AppleScript support is another incomplete, difficult feature to implement. My Python programs actually have the hooks in place to provide extensive AppleScript support--implementing AppleScript commands that other applications can call--through the excellent appscript Python library. However, my Tcl applications can't provide the same level of support because the standard Tcl library for AppleScript support, TclAE, will need an extensive rewrite to support 64-bit--a rewrite I currently lack the skills to undertake. Instead, if I want to offer AppleScript support, I'll have to use Tcl's built-in "do script" AppleScript command--which means I'll have to implement raw Tcl commands that other applications can call via AppleScript. Functional, but hardly perfect.

Services is yet another feature where the implementation isn't as perfect as I'd like. For technical reasons similar to the issues with drag-and-drop, my Tcl and Python programs can't access the Services menu from within the application itself. And they can only export Services functionality because I discovered a handy tool called ThisService, which allows you to create Services from scripting languages. I'm using the AppleScript support my programs are implementing to add the Services functionality as well. (I tried to create a Cocoa extension that would hook into the Mac's Services functionality, but was not successful--again, technical conflicts between Cocoa and Tcl that I could not work through.) While I feel my solution using the ThisService tool and AppleScript was elegant and actually quite clever, it's certainly not perfect.

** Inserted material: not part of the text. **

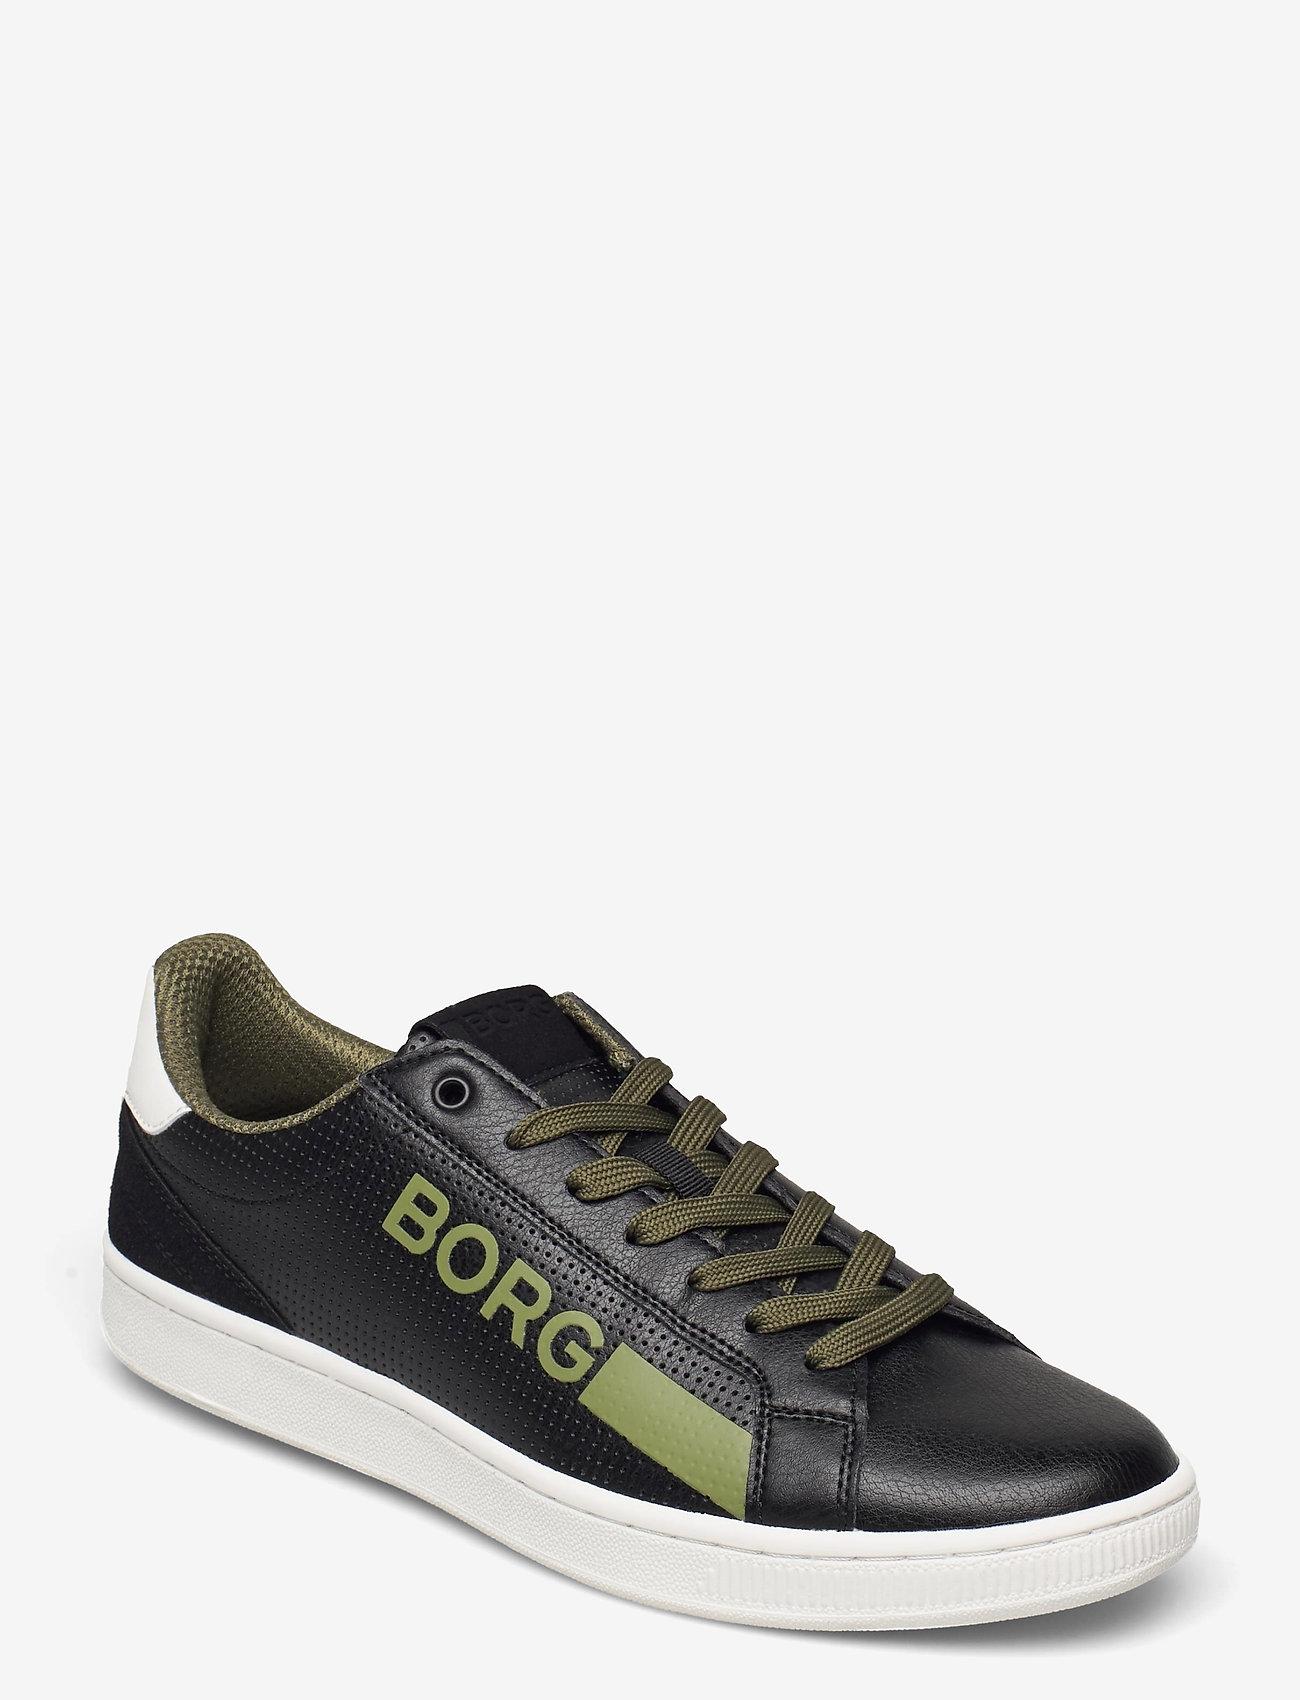 Björn Borg - T330 Low Ctr Prf M - laag sneakers - black-white - 0

Finally, printing. It would be nice to support native printing. Yet the Mac's built-in command-line interface to printing is so adequate for my needs that it's hard to muster too much worry about the lack of Cocoa-native printing in my programs.

My thinking about these issues is guided by more than just my desire to earn revenue by shipping products. It's also guided by the Unix philosophy of programming, which I've written about before. The key idea I'm taking away from the Unix philosophy is "keep it simple, stupid." If I can adequately implement a feature that is effective if imperfect, it's better to go that route than wait indefinitely for perfection. It's hard to say, at this point, if I'll ever perfectly implement drag-and-drop, AppleScript, Services, or printing in my programs. In 2010, my goal is to release commercial products, not open-source libraries. That means building on what I have; it's good enough. Waiting for perfection means waiting for revenue.